INFORMATION:

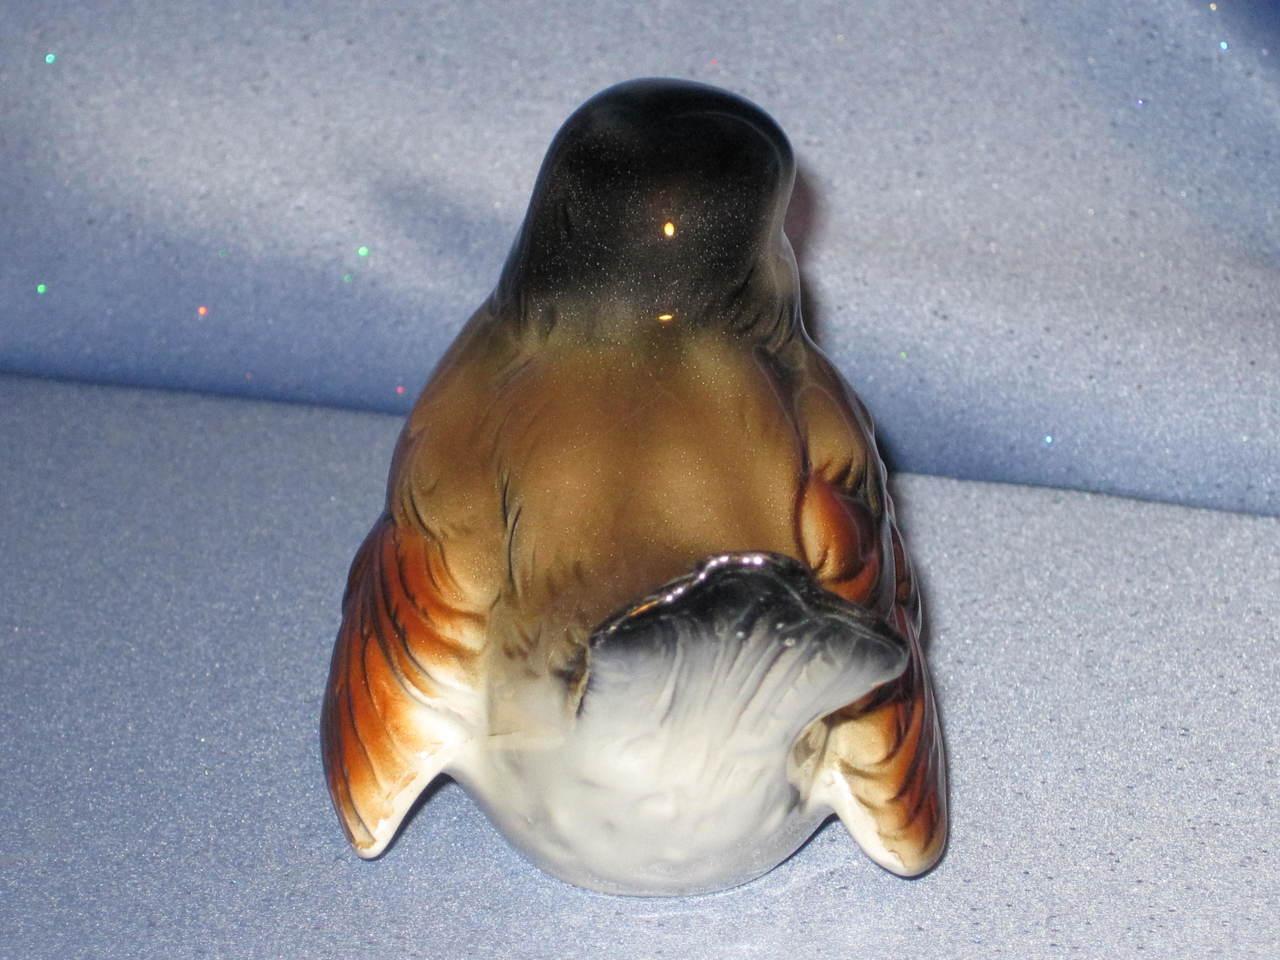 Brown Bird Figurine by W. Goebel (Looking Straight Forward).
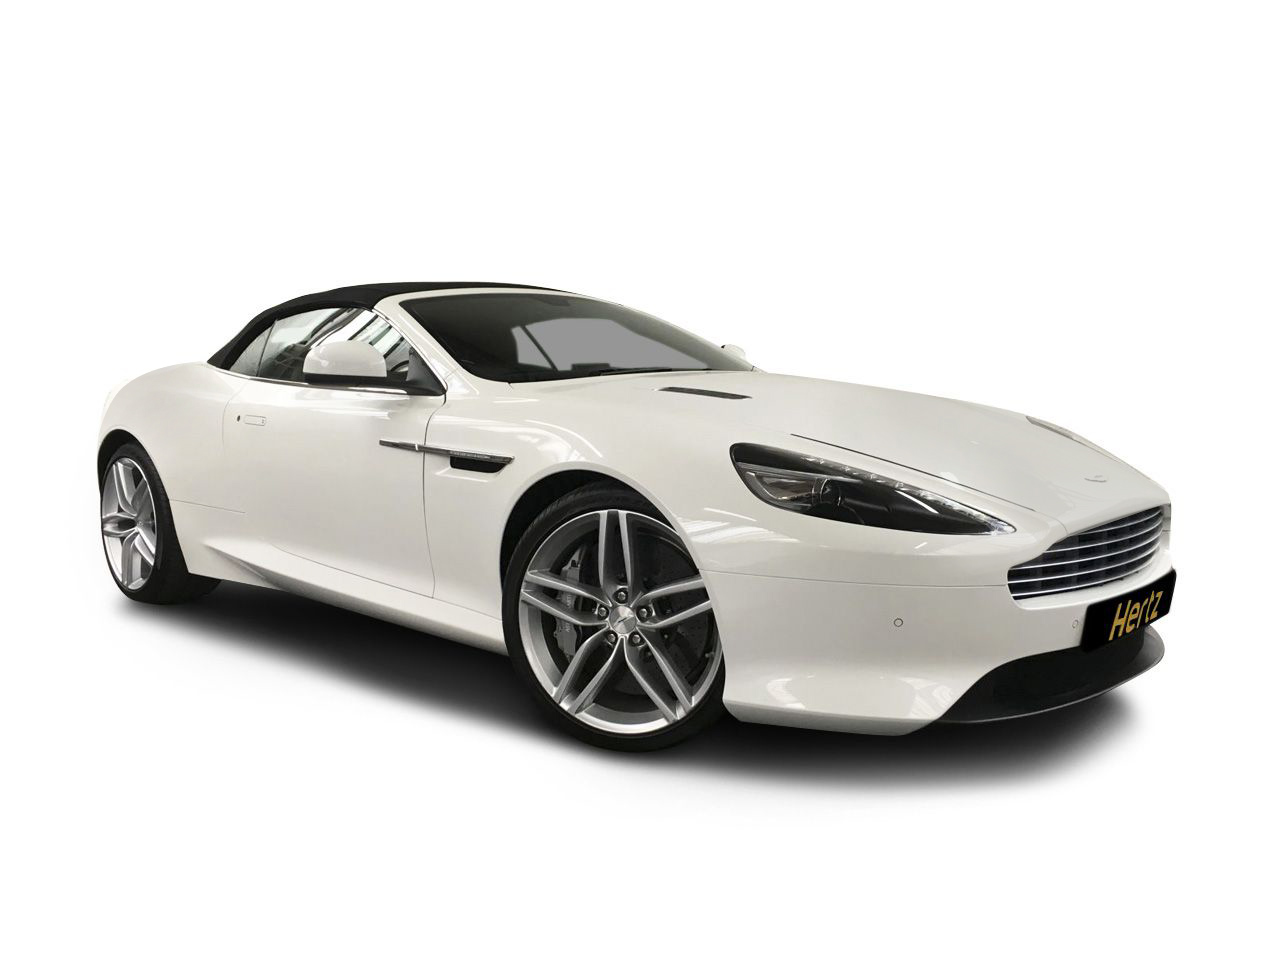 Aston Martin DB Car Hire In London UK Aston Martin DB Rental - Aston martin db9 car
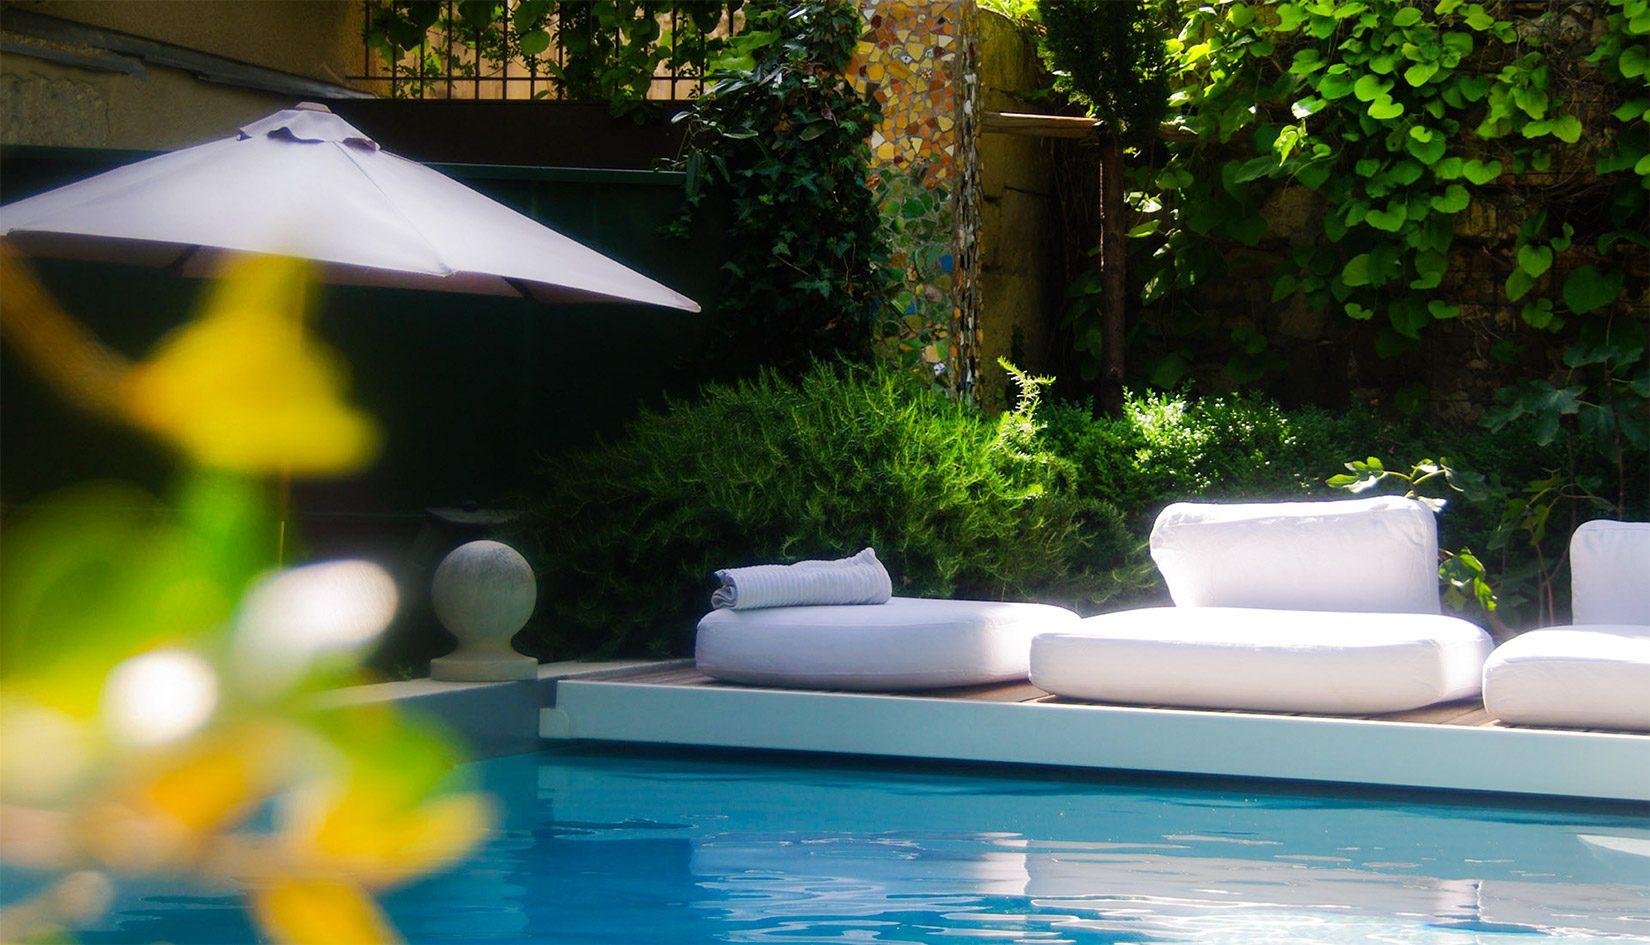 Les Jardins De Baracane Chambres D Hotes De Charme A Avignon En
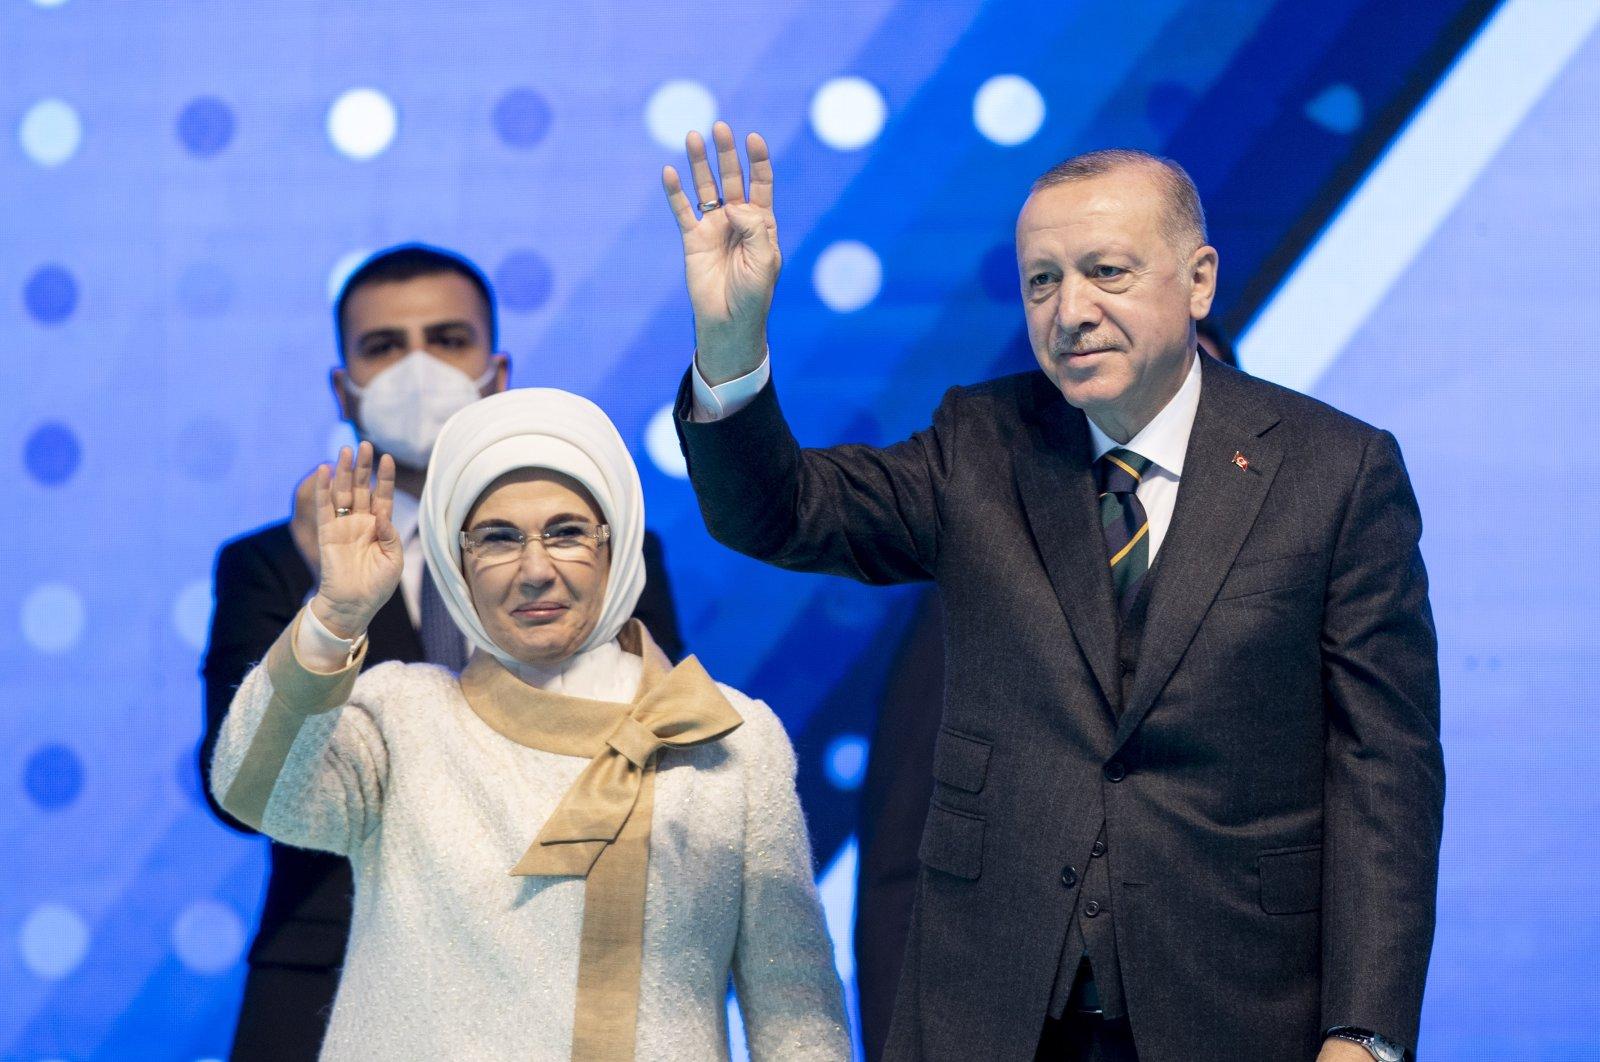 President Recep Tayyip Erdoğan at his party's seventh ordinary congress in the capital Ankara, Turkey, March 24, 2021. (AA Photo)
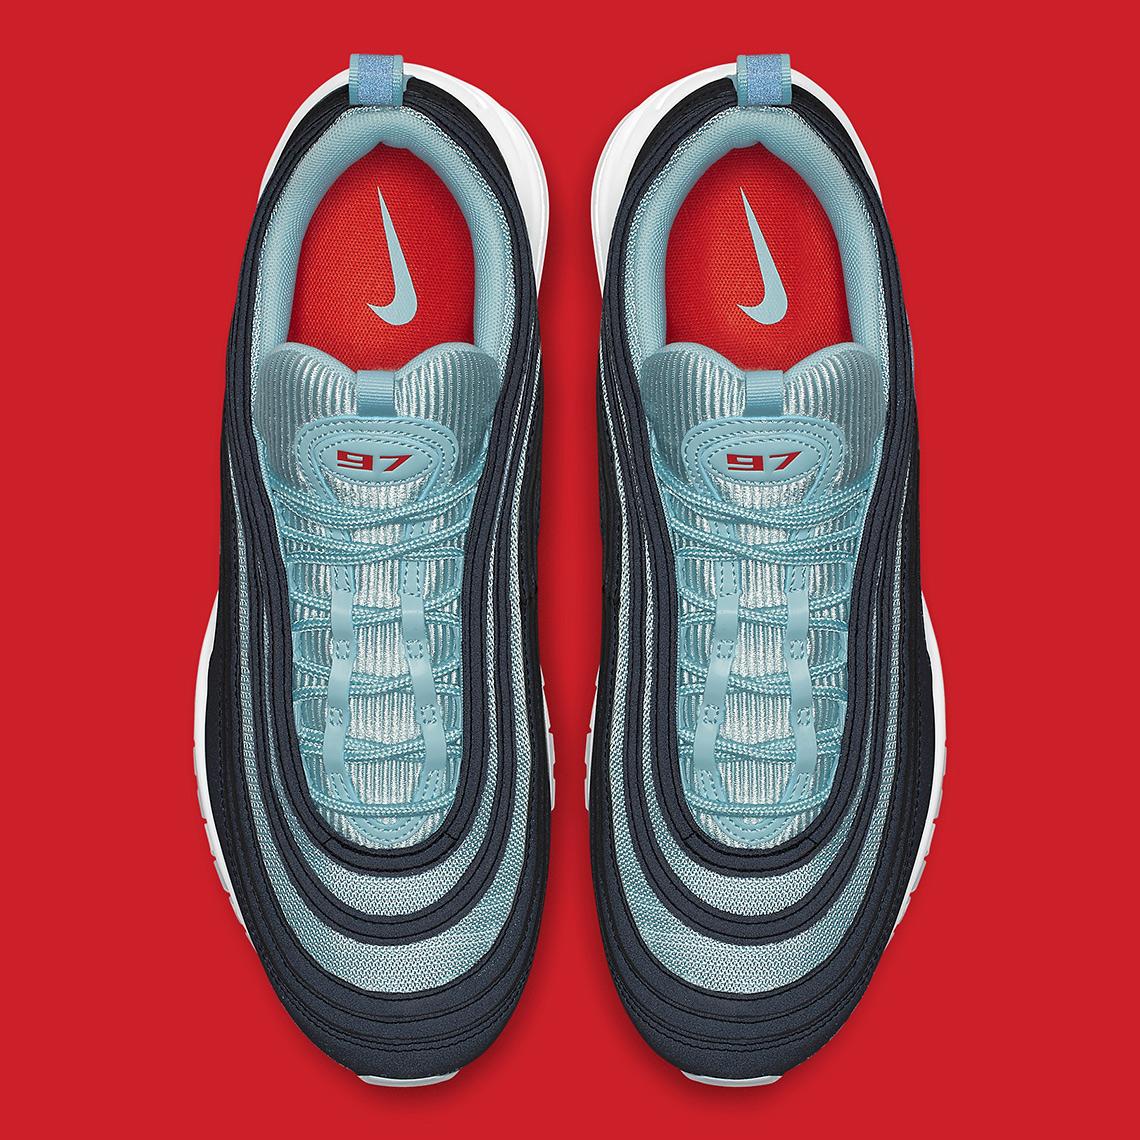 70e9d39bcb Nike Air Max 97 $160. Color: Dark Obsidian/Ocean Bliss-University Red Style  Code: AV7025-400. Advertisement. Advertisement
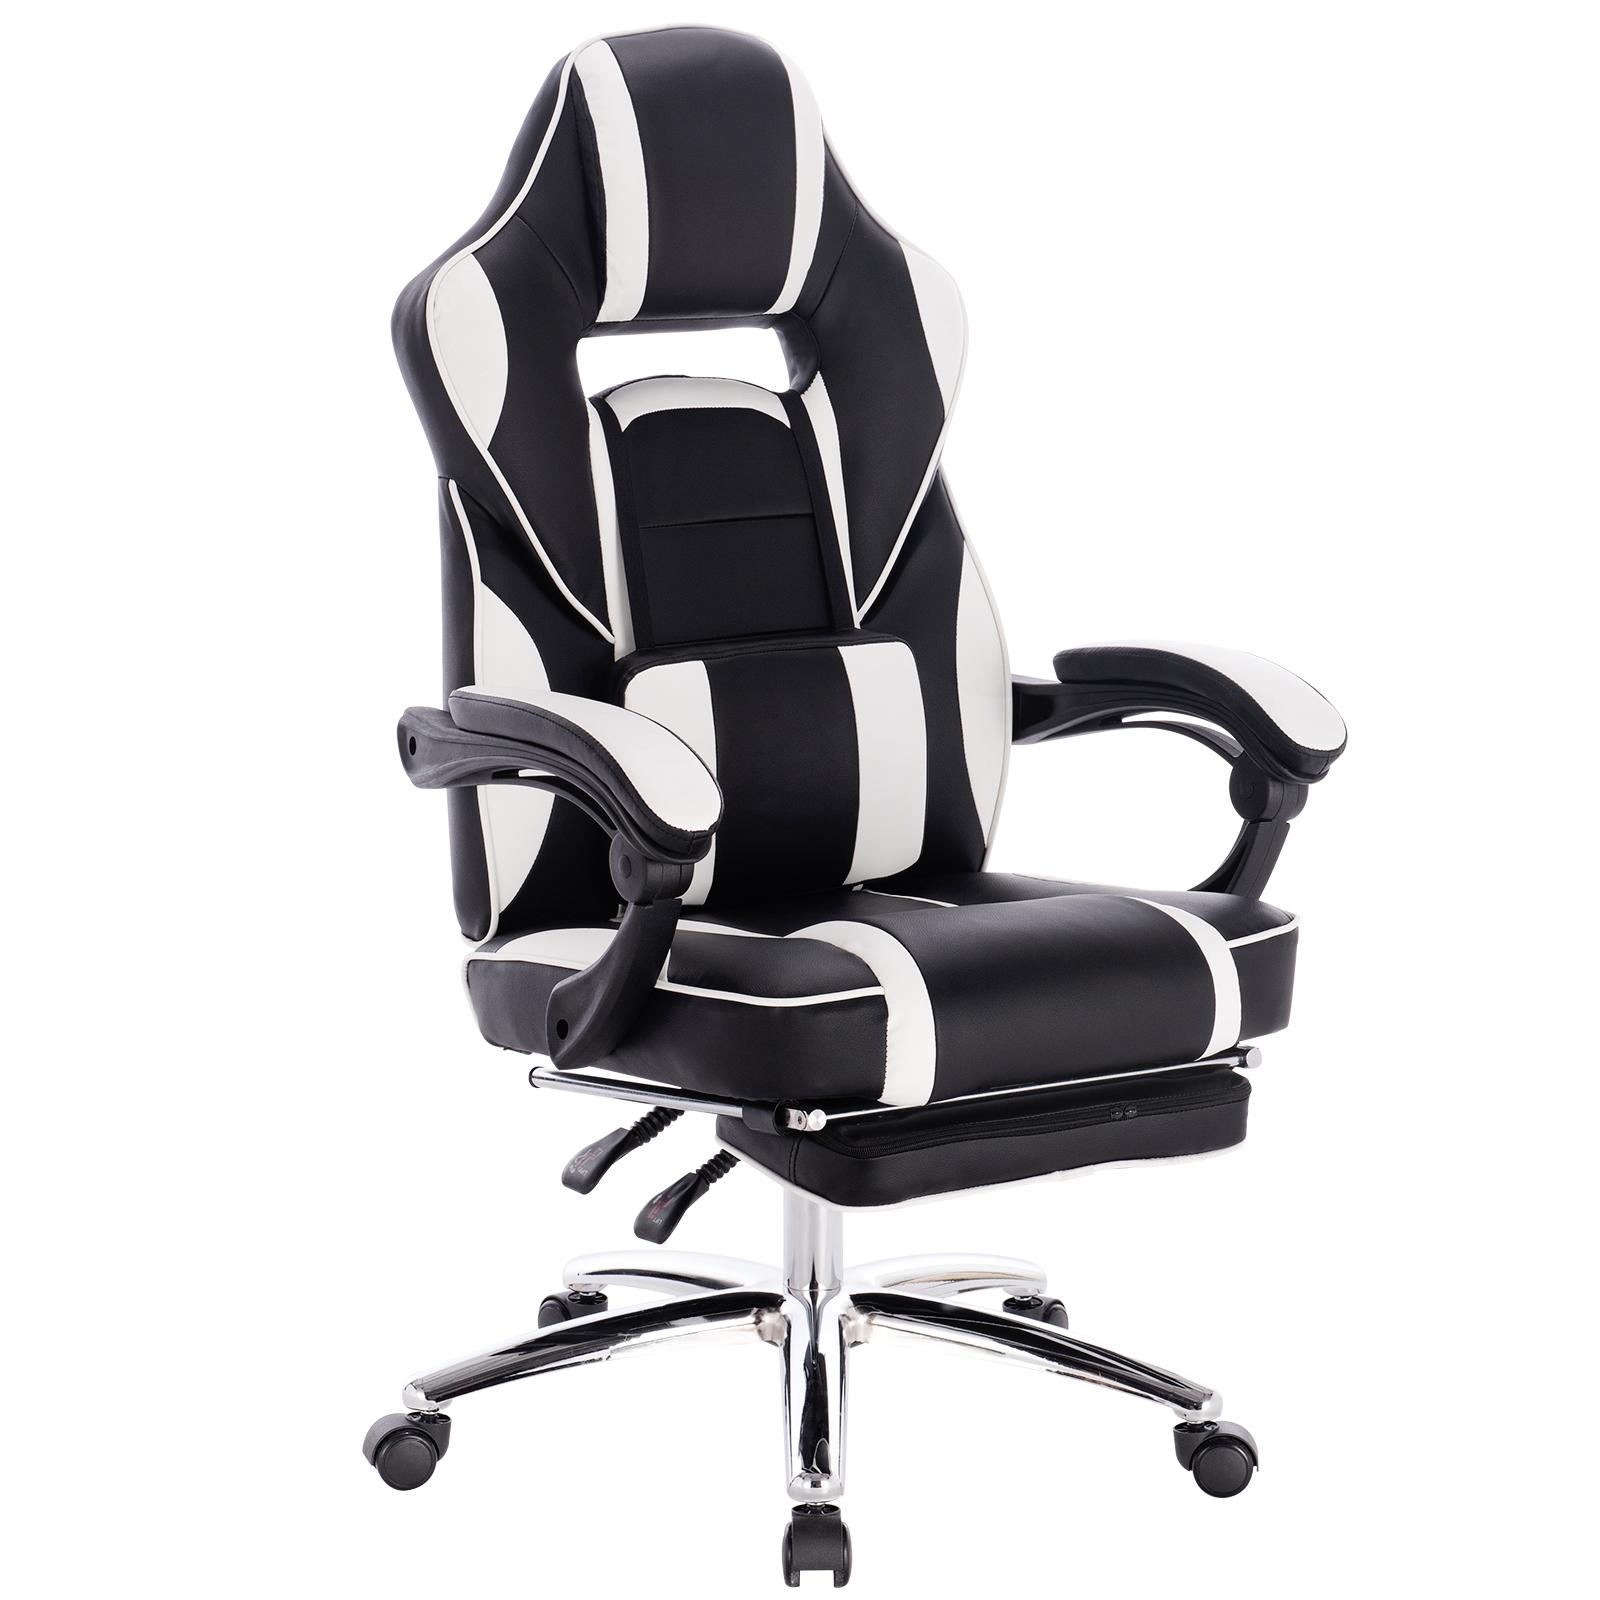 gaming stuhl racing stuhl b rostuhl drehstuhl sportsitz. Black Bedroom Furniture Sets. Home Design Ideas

HOW TO COMPLETE THIS TASK: Every entry is to be reproduced word for word, and no image is carried over.

REPLY TO THE TASK:
 Brown Bird Figurine by W. Goebel (Looking Straight Forward).
 Aston Martin DB Car Hire In London UK Aston Martin DB Rental - Aston martin db9 car
 Les Jardins De Baracane Chambres D Hotes De Charme A Avignon En
 President Recep Tayyip Erdoğan at his party's seventh ordinary congress in the capital Ankara, Turkey, March 24, 2021. (AA Photo)
 70e9d39bcb Nike Air Max 97 $160. Color: Dark Obsidian/Ocean Bliss-University Red Style  Code: AV7025-400. Advertisement. Advertisement
 gaming stuhl racing stuhl b rostuhl drehstuhl sportsitz. Black Bedroom Furniture Sets. Home Design Ideas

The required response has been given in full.